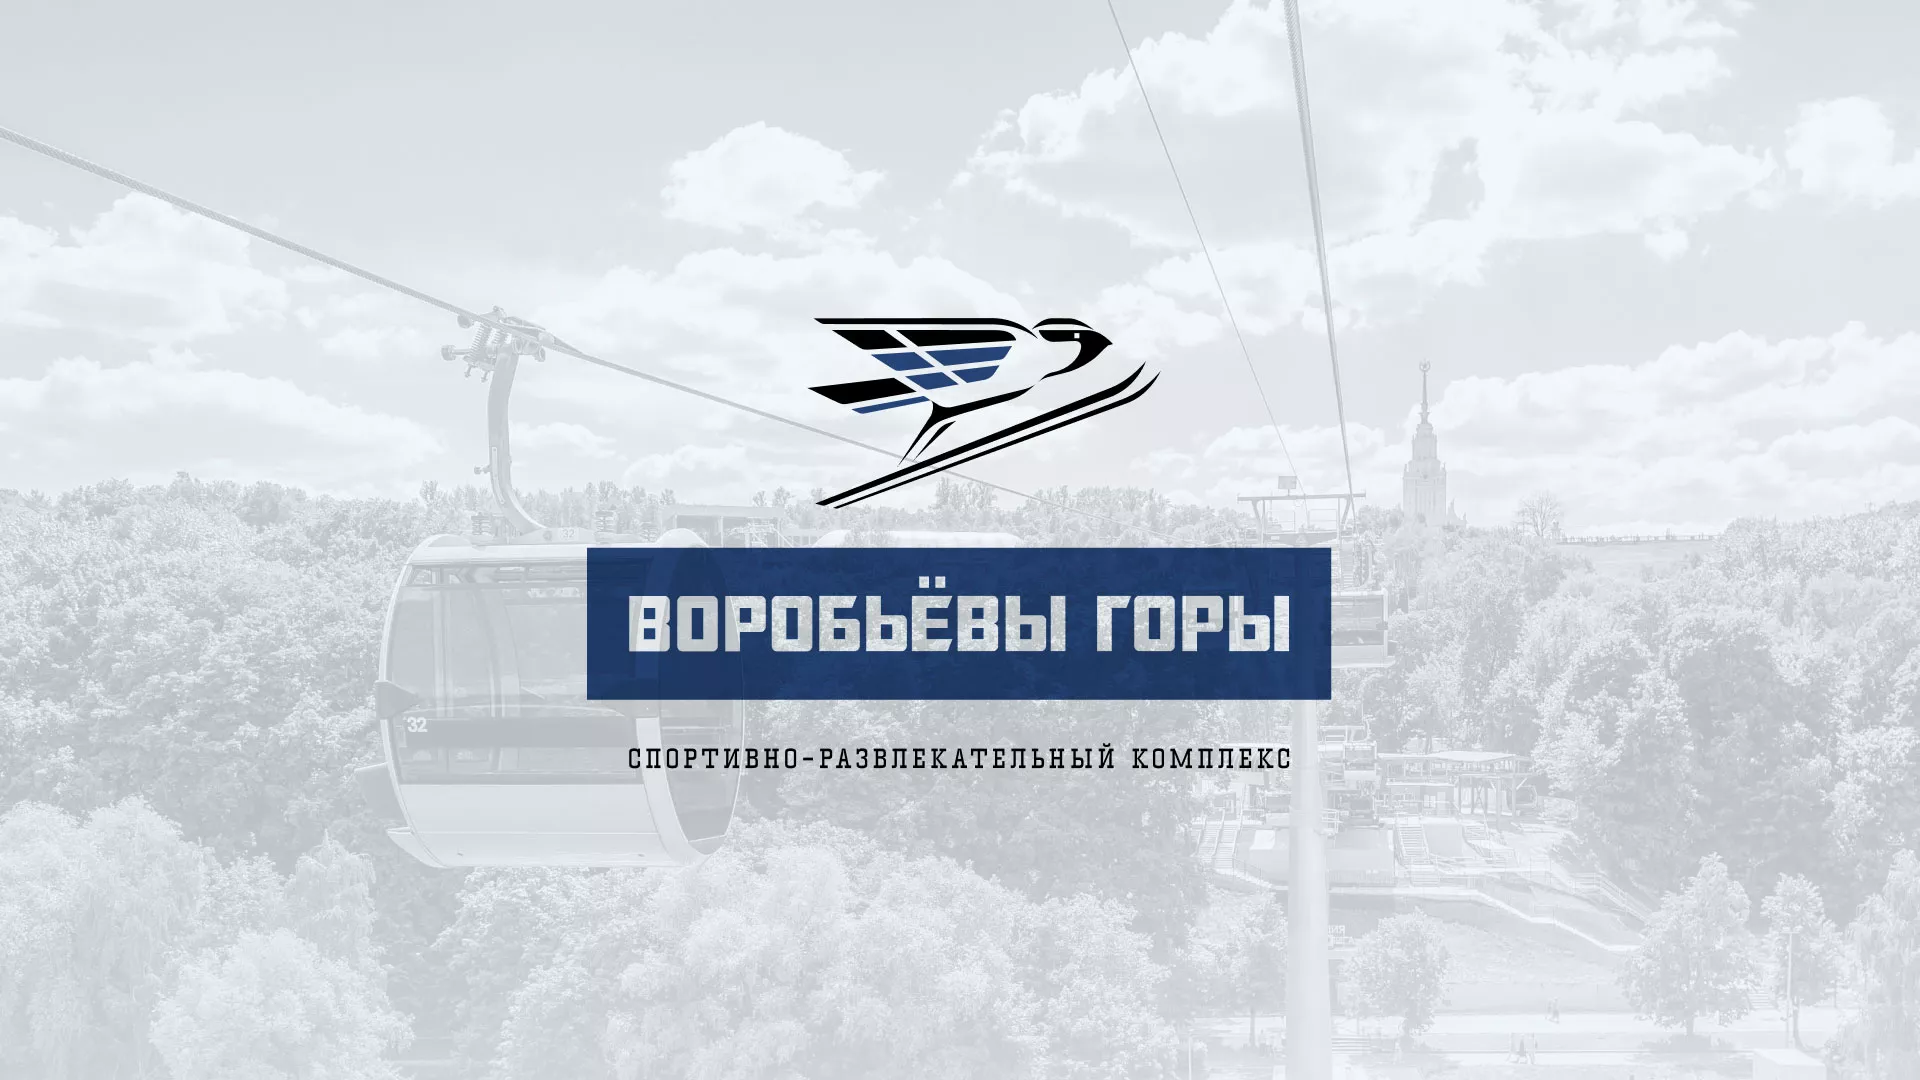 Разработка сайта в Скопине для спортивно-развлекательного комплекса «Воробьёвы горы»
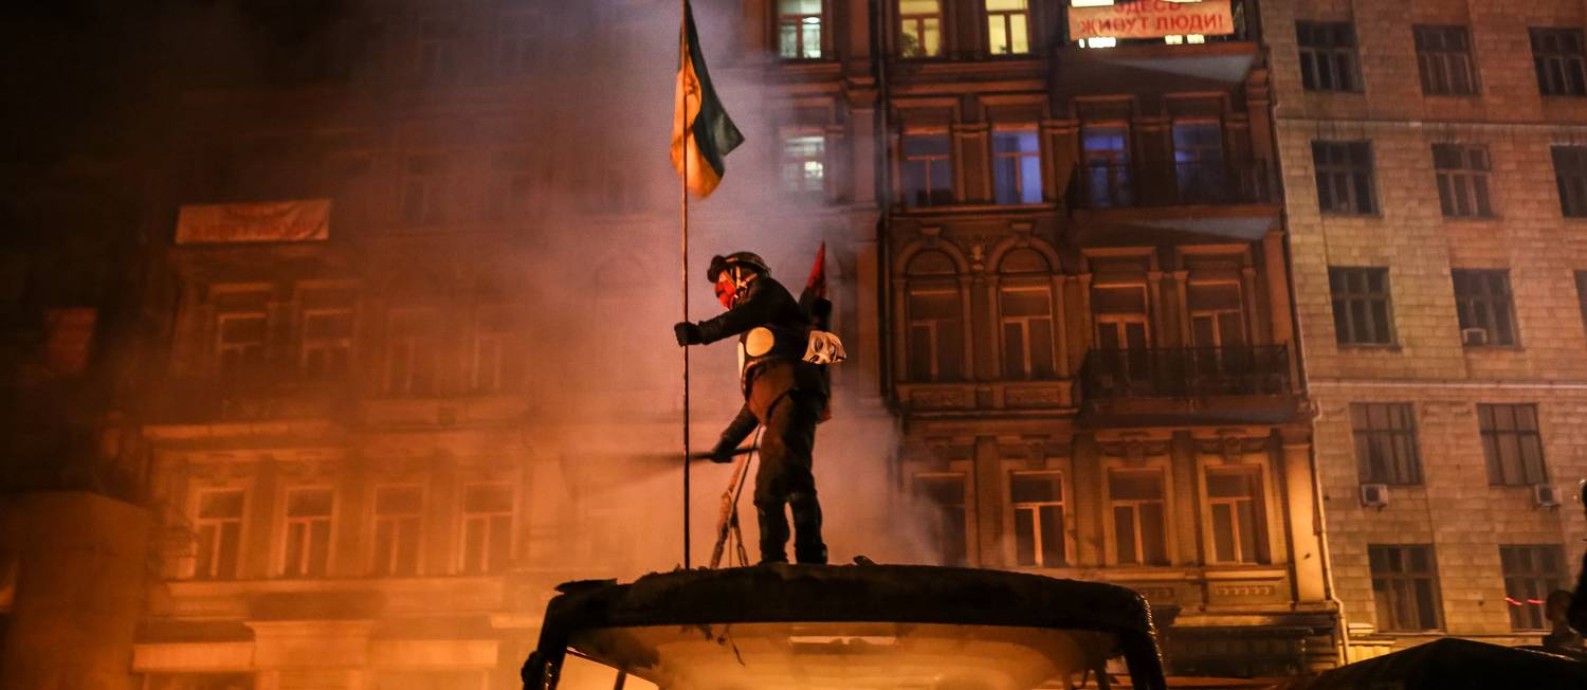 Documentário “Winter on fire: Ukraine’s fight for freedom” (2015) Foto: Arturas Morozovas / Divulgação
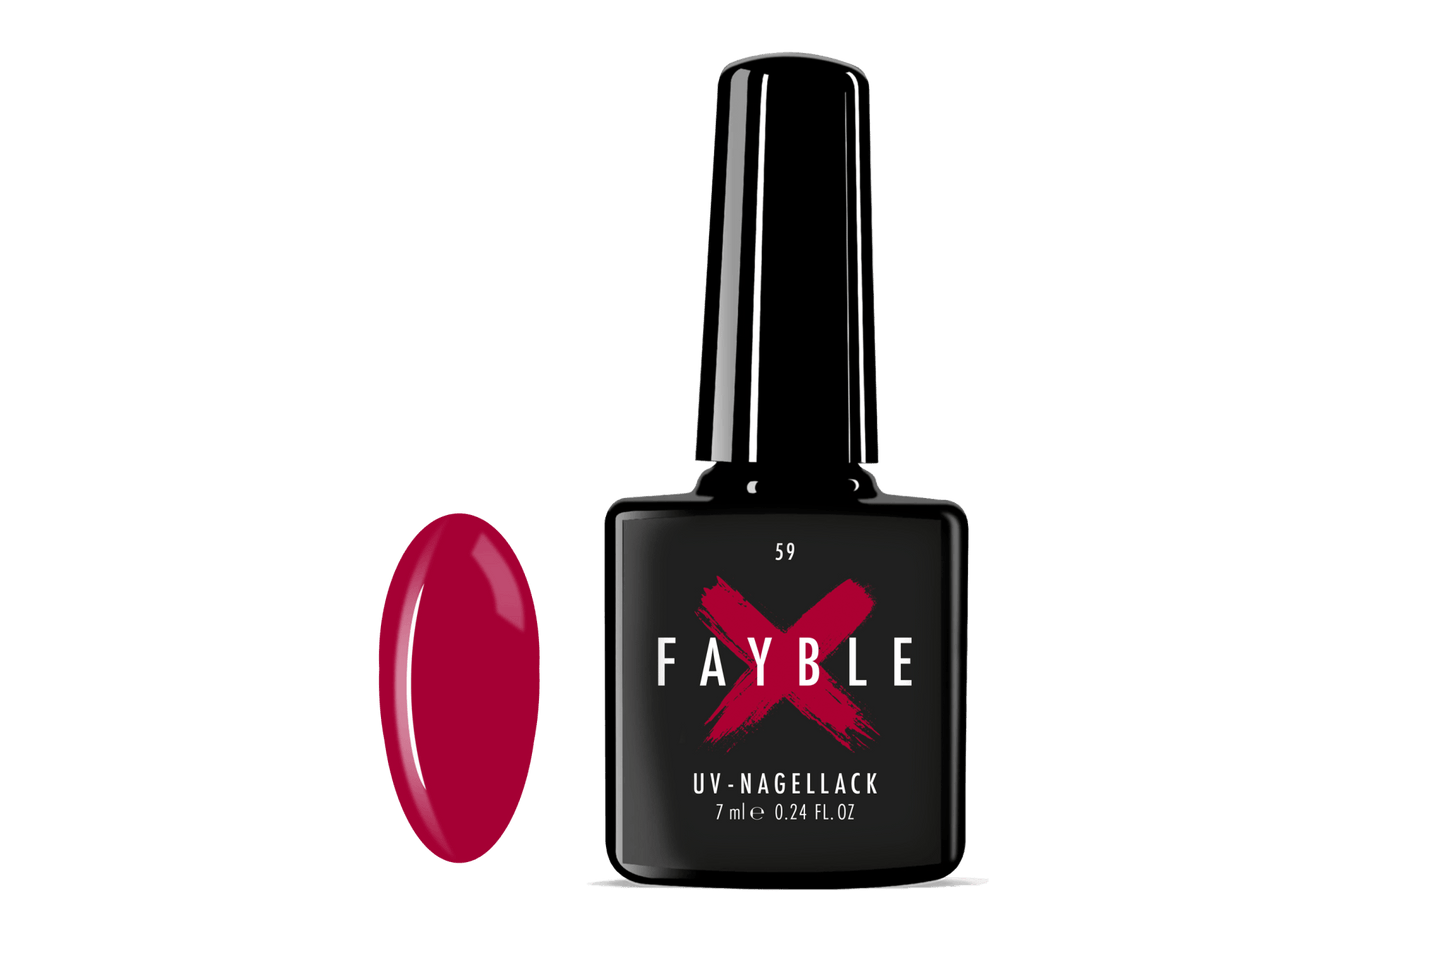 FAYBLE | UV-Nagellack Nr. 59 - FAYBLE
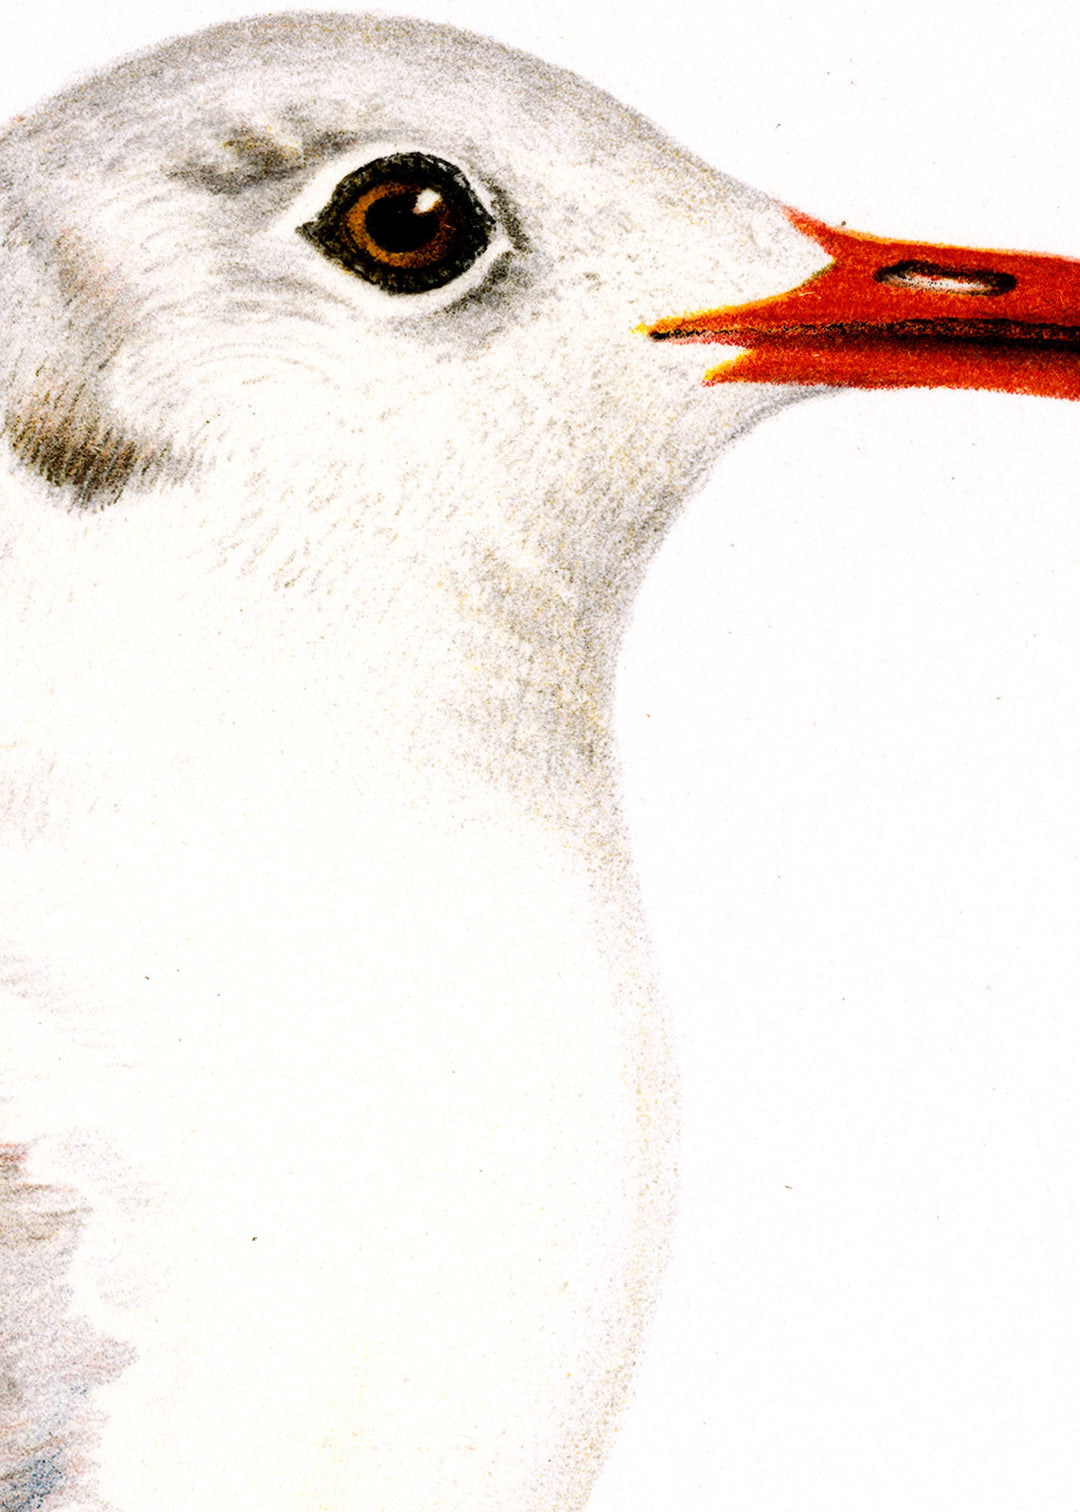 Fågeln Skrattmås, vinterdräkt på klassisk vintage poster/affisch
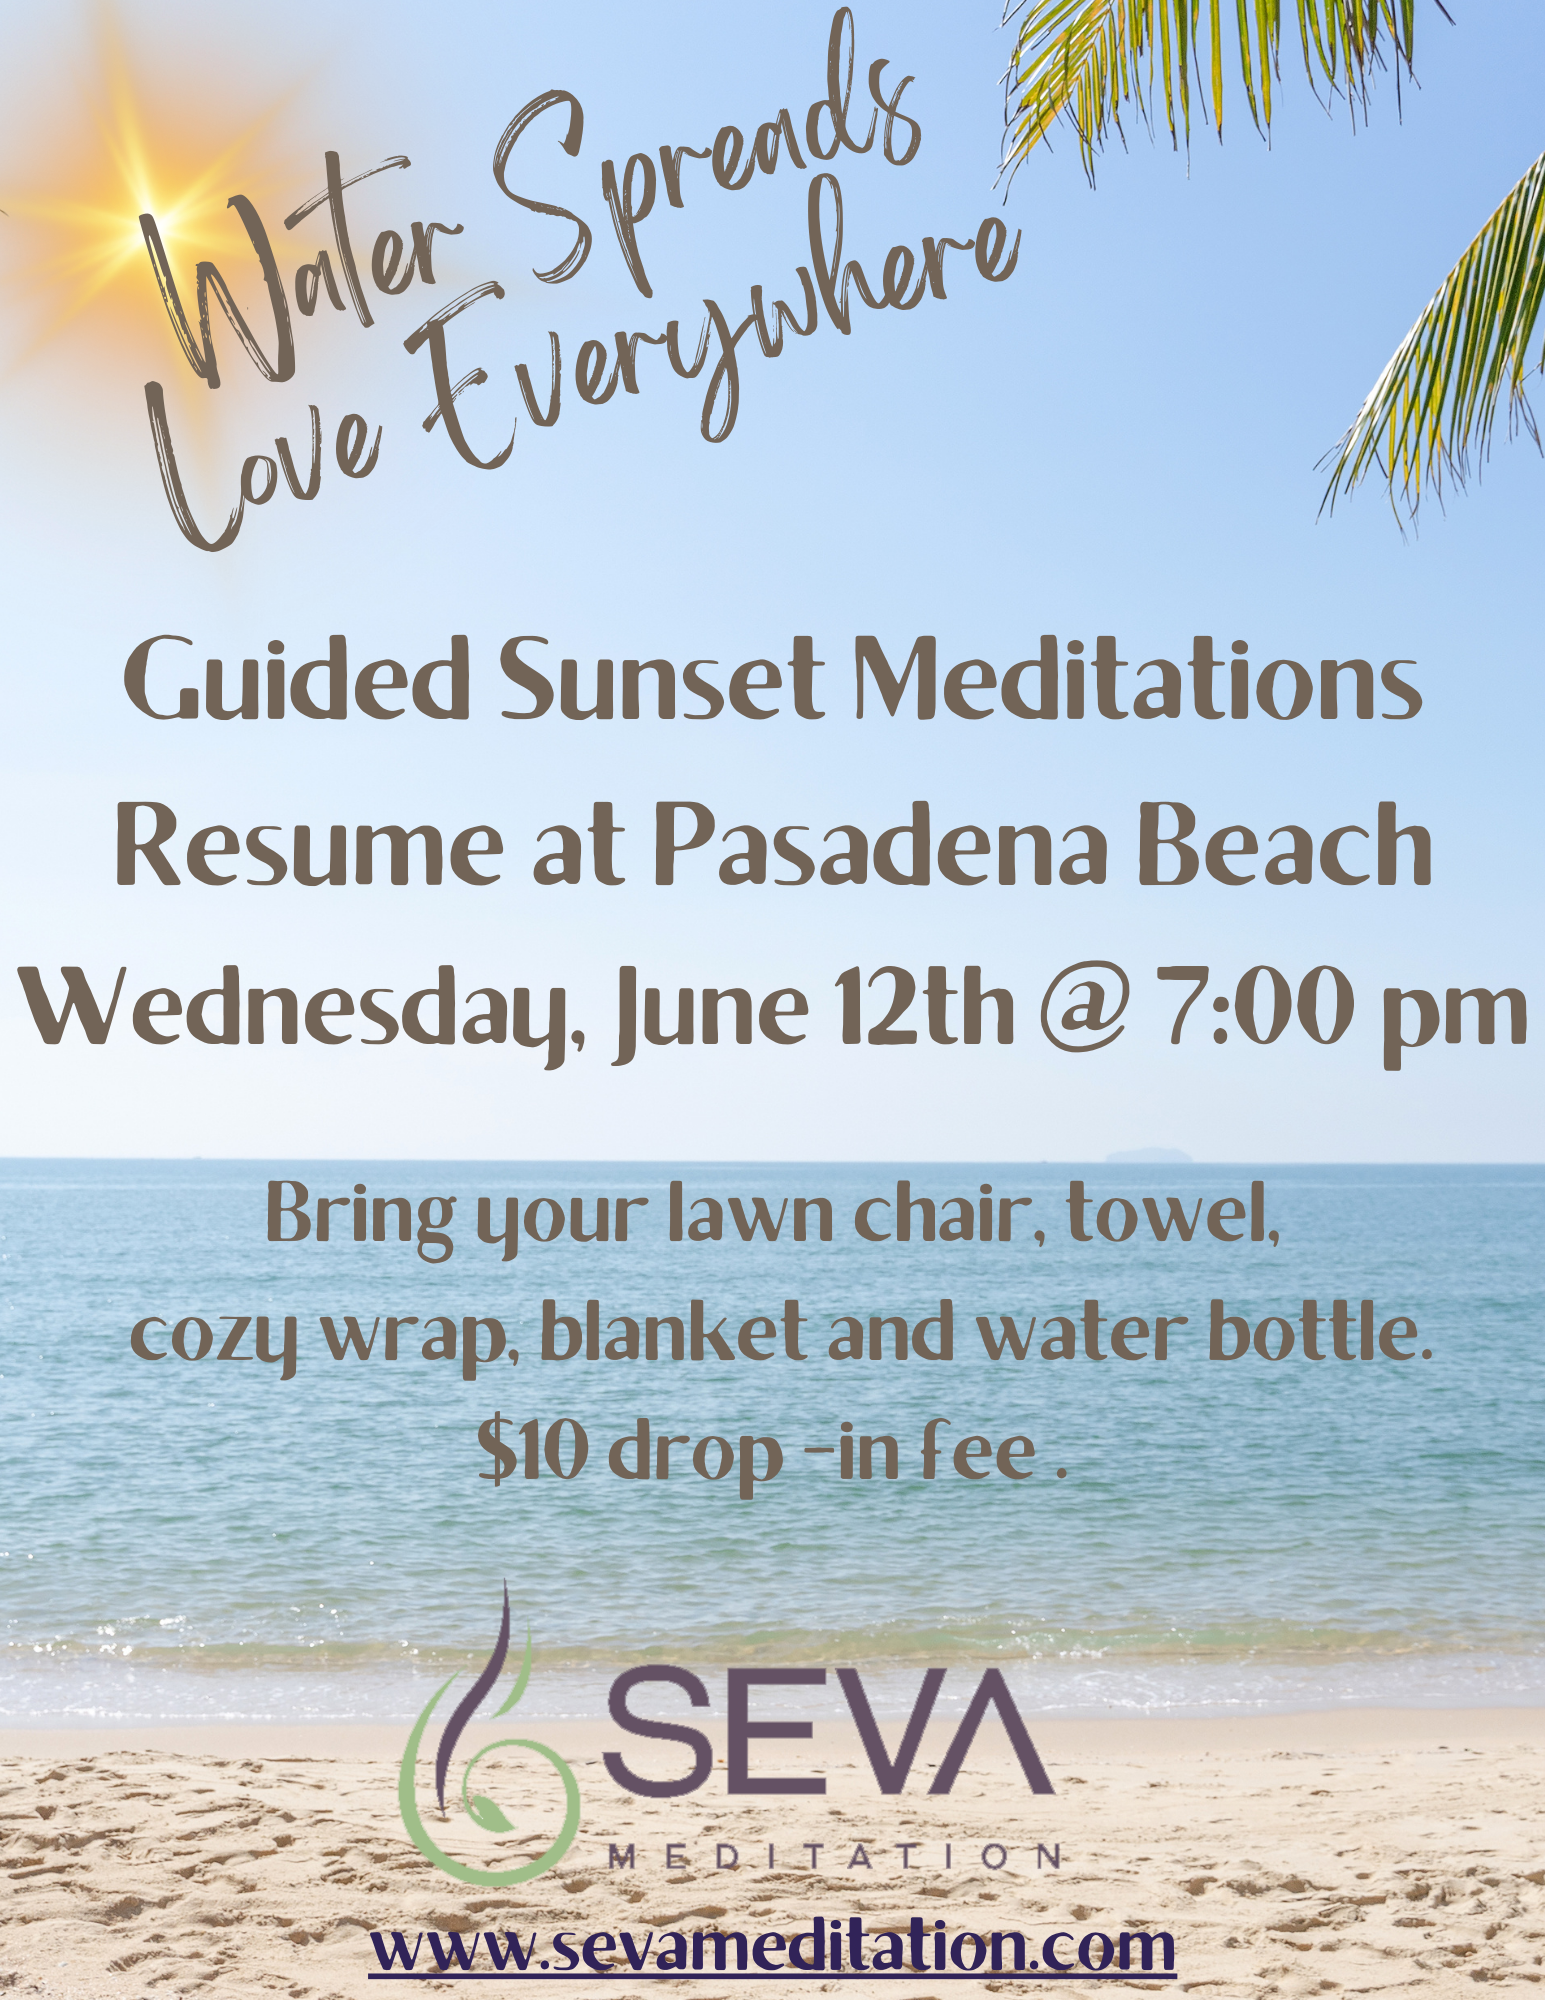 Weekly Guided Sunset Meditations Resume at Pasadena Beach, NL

#### Exercise:
From the line holding "Morozovas / Divulgação" down to the final line of the entries above, print every line exactly. Pictures do not go in.

#### Answer to the exercise:
 Documentário “Winter on fire: Ukraine’s fight for freedom” (2015) Foto: Arturas Morozovas / Divulgação
 FAYBLE | UV-Nagellack Nr. 59 - FAYBLE
 Fågeln Skrattmås, vinterdräkt på klassisk vintage poster/affisch
 Weekly Guided Sunset Meditations Resume at Pasadena Beach, NL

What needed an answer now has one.